Copper squeeze unravels with window closing to beat Trump tariff
An acute copper supply squeeze is coming to an abrupt end as President Donald Trump’s plan to soon slap a 50% tariff on the metal narrows the window to profit from surging US prices.
Key spreads on the London Metal Exchange — which had soared in late June as a rush to ship the metal to the US drained stockpiles — have now collapsed.
The latest indication from the White House that a levy is imminent means time is running out to seek to front-run the policy and profit from arbitrage. Shipments from European and Asian sheds take weeks to reach American shores, and cargoes will soon risk arriving after tariffs are in place.
Spot copper on the LME traded lower than three-month futures for the first time in more than a month, a sign demand for metal in the exchange’s warehousing network is fizzling rapidly. A key one-day spread has also plunged.
Commerce Secretary Howard Lutnick, speaking to CNBC shortly after a Cabinet meeting, said his department’s investigation into copper had concluded and he expected the levy “likely to be put in place end of July — maybe Aug. 1.”

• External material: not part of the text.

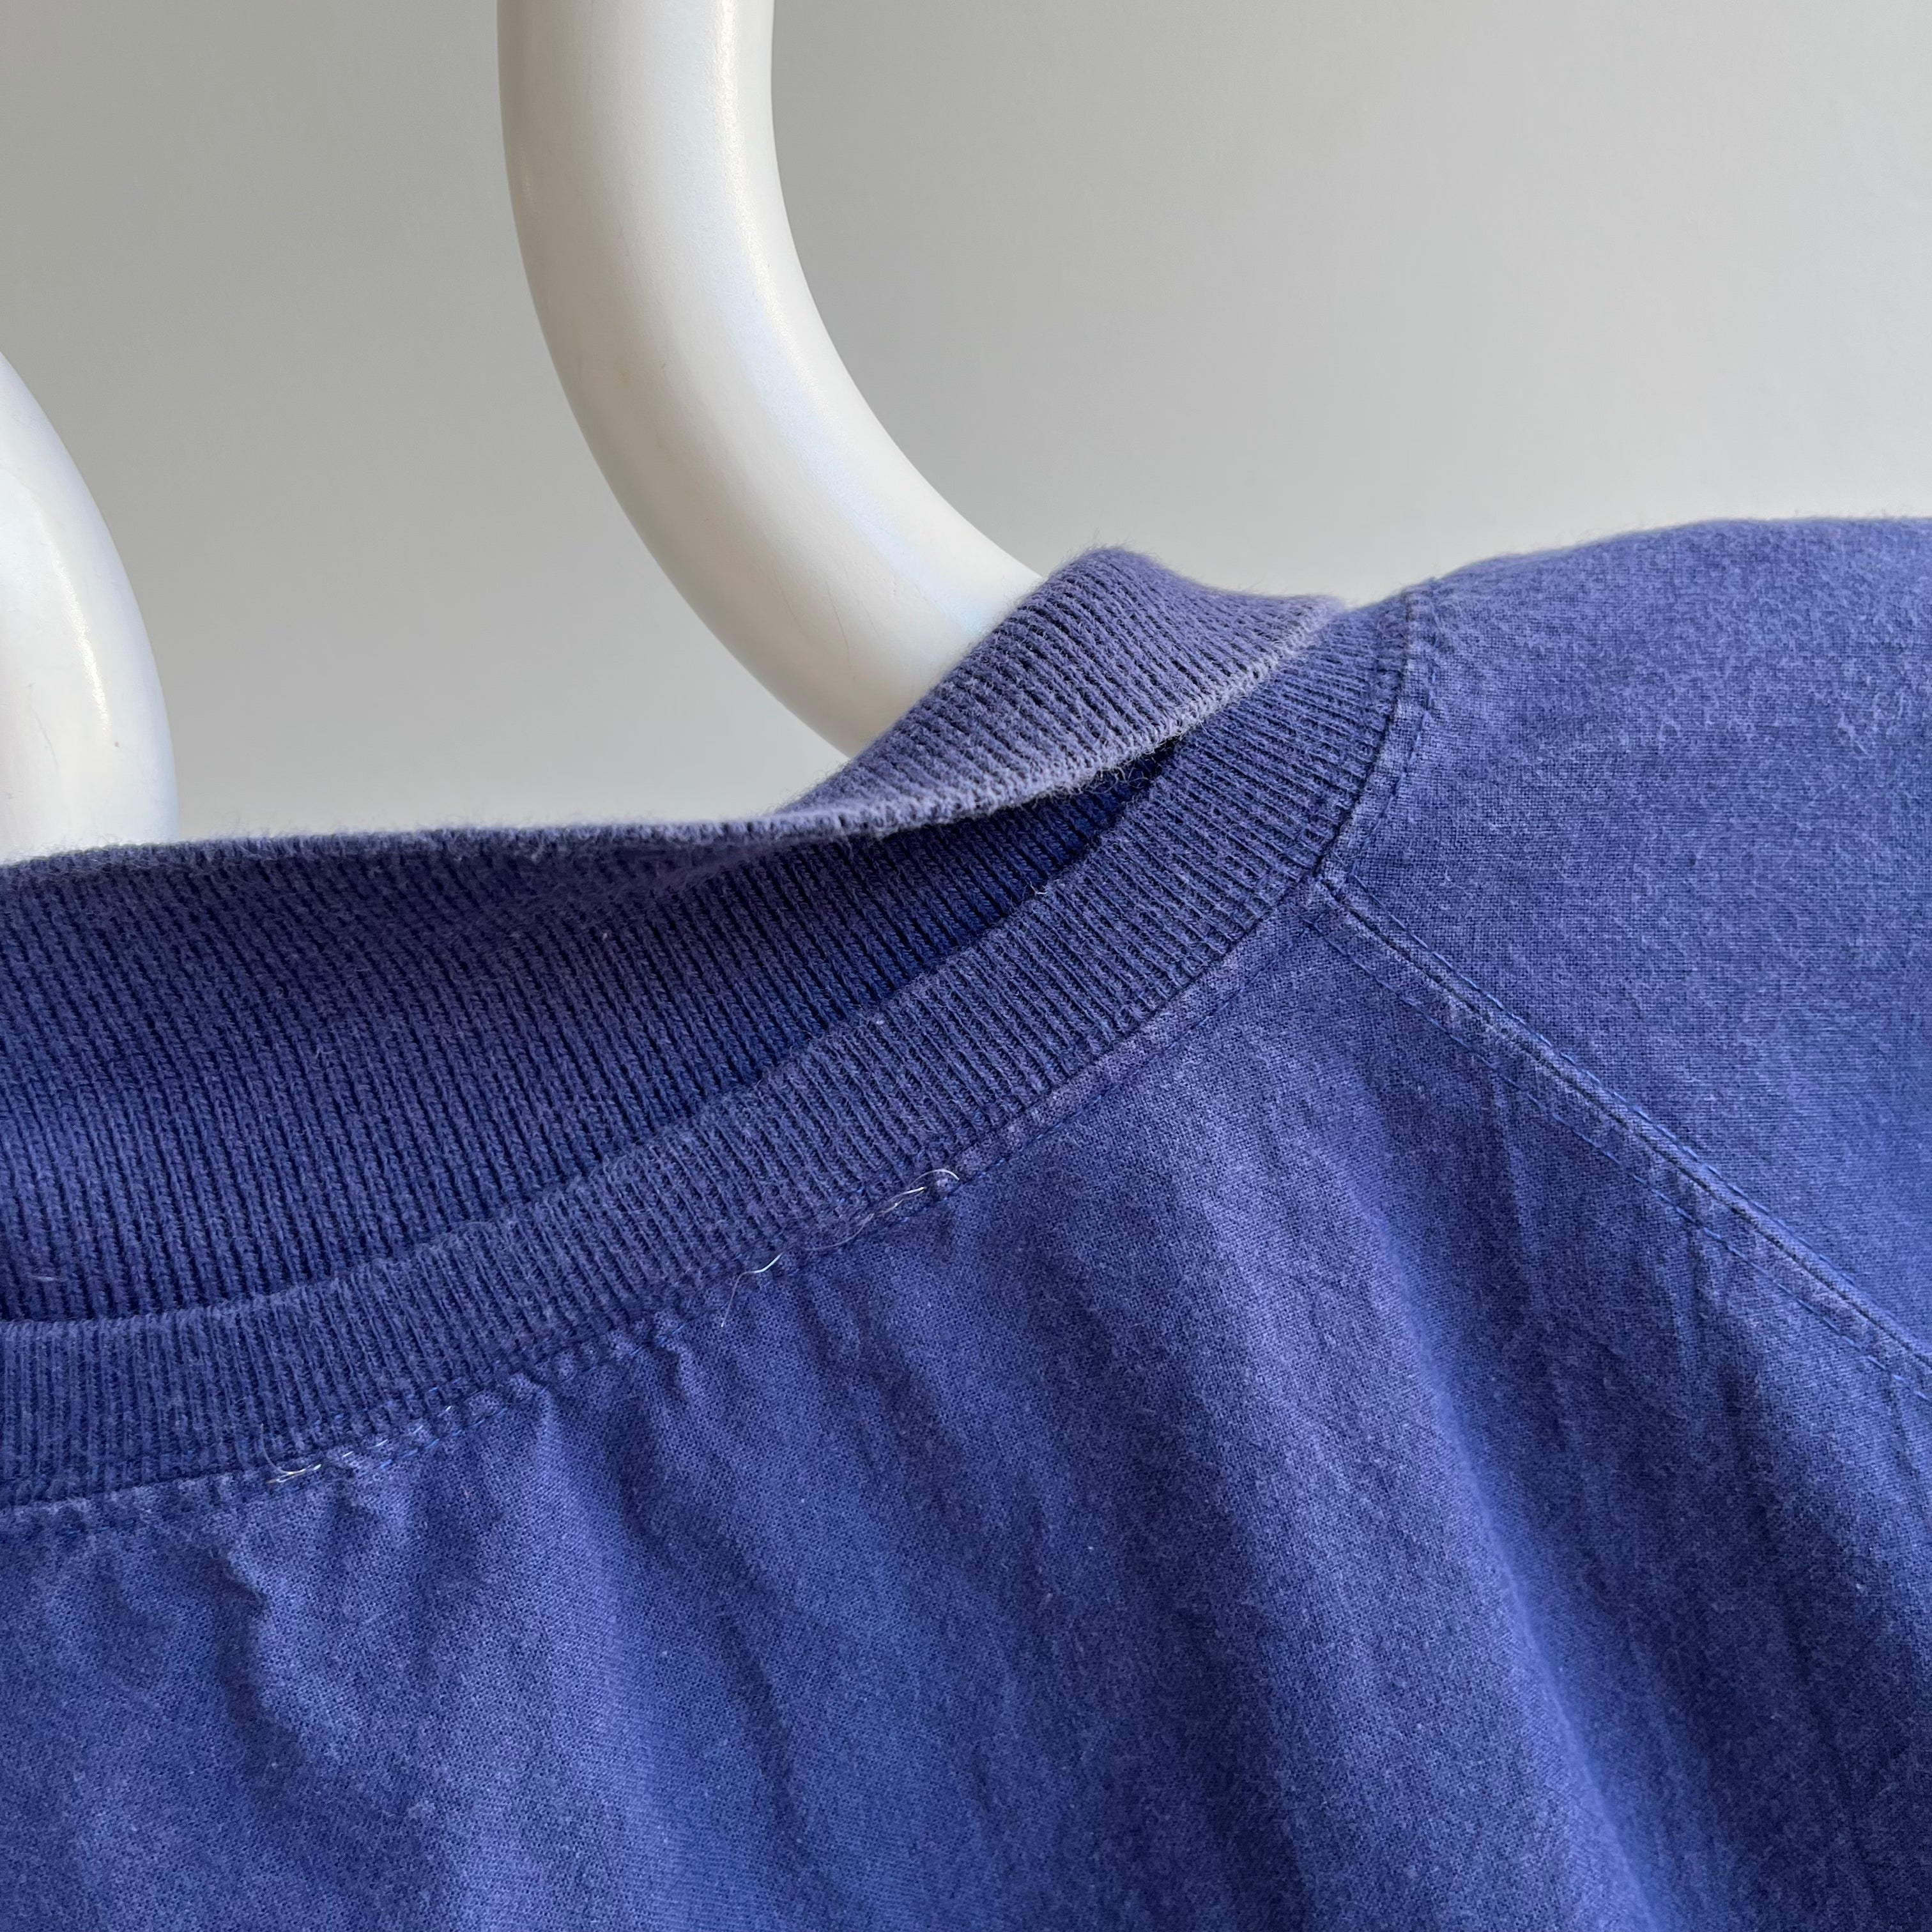 1980s Lightweight Cotton Collared 3/4 sleeve Blouse/Sweatshirt Cut/Shirt

“Copper is finished. We’re done with our study,” Lutnick said. “We’ve handed the study over to the president. The president knows that he has the ability, since we’ve studied the market for copper, to set the market tariff for copper.”
For months, copper has poured into the US as traders raced to buy up the metal elsewhere and sell it at higher prices in New York. Once those tariffs are in place, that arbitrage opportunity disappears, easing demand for spot copper in Europe and Asia.
New York futures posted a record jump to an all-time high on Tuesday after Trump’s off-the-cuff announcement of the 50% duty.